Теперь, под лавиной колокольного перезвона, Вуди открылось, что он сам оплатил свою безотцовщину. Ха-ха! Прелесть что такое, а особенно эта папкина: «Я научу тебя, как верить собственному отцу!» — манера. Ведь ему наглядно доказали преимущества реальной жизни и свободных инстинктов перед религией и ханжеством. Но прежде всего доказали, что нельзя, просто стыдно быть дураком. Папка невзлюбил доктора Ковнера не потому, что тот был отступник (это трогало папку меньше всего), и не потому, что его миссия была надуваловкой (папка признавал, что сам лично доктор — человек честный), а потому, что доктор Ковнер вел себя как дурак, говорил как дурак, а держался как виртуоз, плут-виртуоз. Встряхивал гривой, что твой Паганини (это уж Вуди от себя добавил: папка слыхом не слыхал о Паганини). Хорош духовный вождь, который обращает еврейских женщин в христианство, влюбляя их в себя. «Он распаляет этих бабищ, — говорил папка. — А сам об этом не подозревает, он и правда не подозревает, чем он их берет».
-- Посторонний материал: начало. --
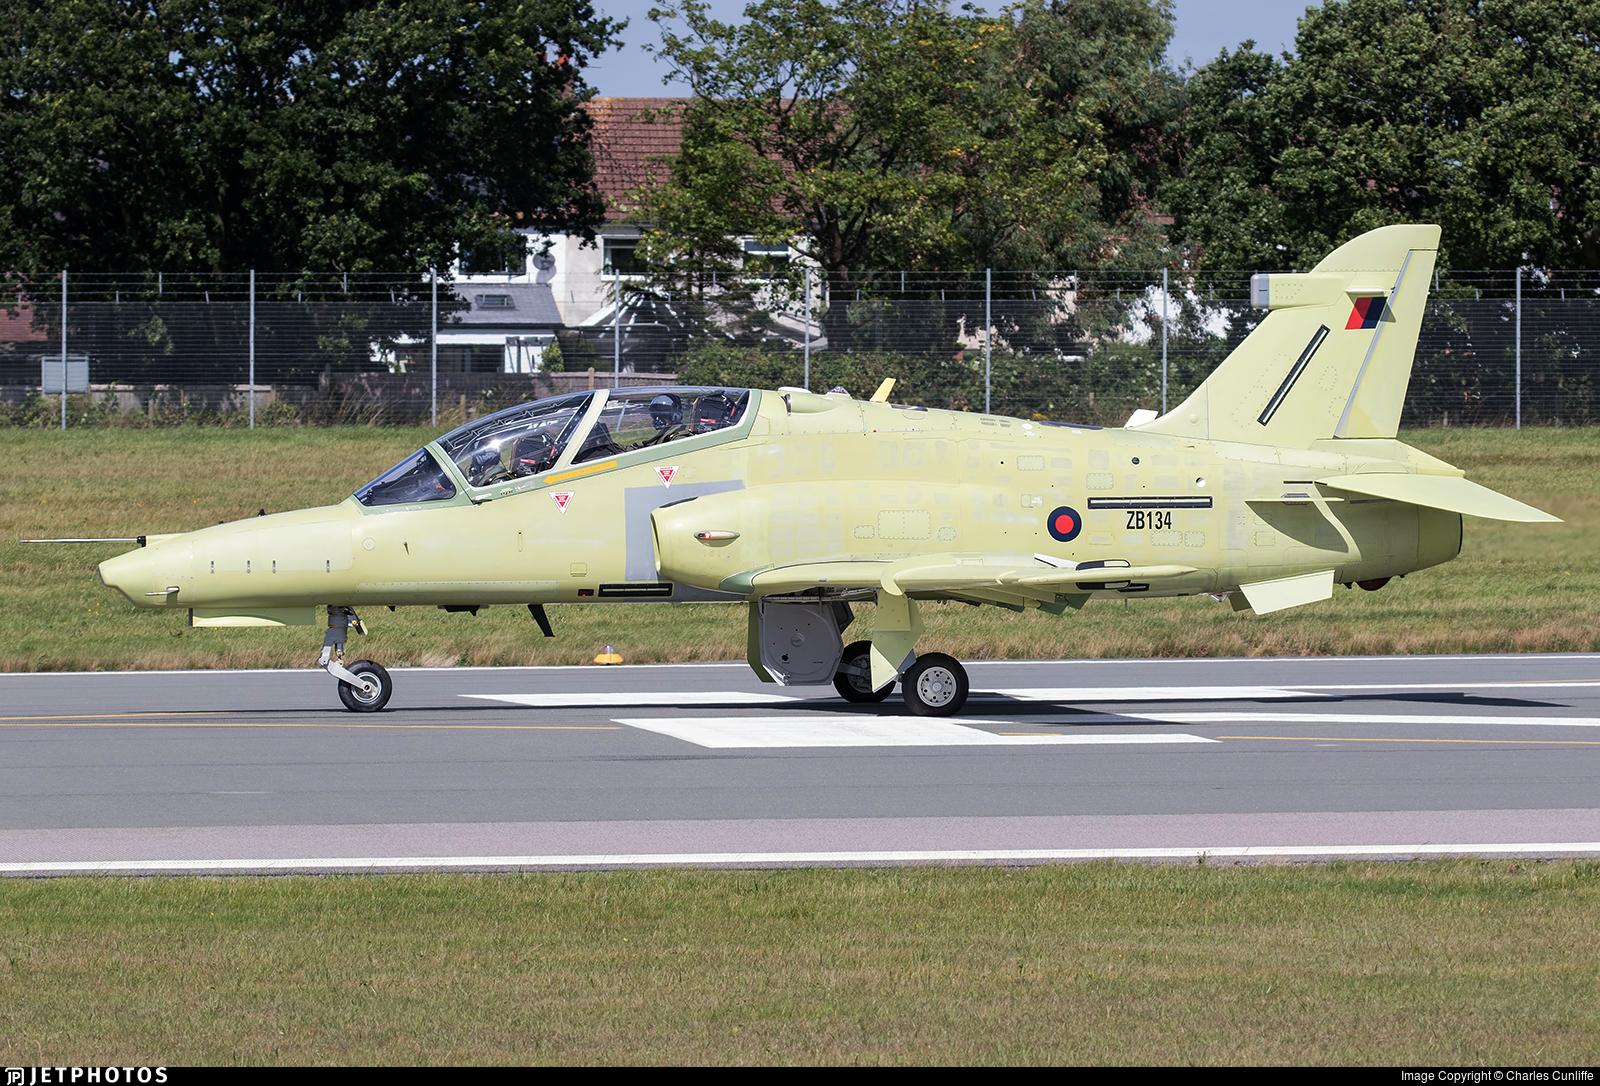 ZB134 - British Aerospace Hawk Mk167 - United Kingdom - Royal Air Force (RAF)

Но и Ковнер со своей стороны часто предостерегал Вуди: «Твой отец — человек опасный. Люби его, иначе и нельзя, ты обязан любить и прощать его, Вудро, но ты уже не ребенок и должен понимать, что твой отец следует греховной стезей».

Ерунда, говорить не о чем: папины грешки были по сути своей мальчишеские, но именно потому они и производили такое сокрушительное впечатление на мальчика. И на маму. Неужели жены те же дети, а если нет, то кто они? Мама часто говорила: «Надеюсь, ты не забываешь молиться за этого негодяя? Посмотри, как он с нами обошелся. Так вот, молиться за него молись, но и не думай встречаться с ним». Однако Вуди постоянно встречался с папкой. Вудро вел двойную жизнь, святость и кощунство в ней соседствовали. В Иисусе Христе он видел искупителя лично его, Вудиных, грехов. Тетка Ребекка воспользовалась этим. Она заставила его работать. И работать ему пришлось под ее началом. Он заменял дворника в миссии и в благотворительном заведении при ней. А зимой он должен был еще топить котел углем, порой и на ночь не уходить, а спать около котельной, на бильярде. Тогда он открывал отмычкой замок кладовки. Таскал ананасные консервы и отрезал ломти бекона, кромсая окорок перочинным ножом. И набивал живот сырым беконом. Здоровенный был парень и всегда подголадывал.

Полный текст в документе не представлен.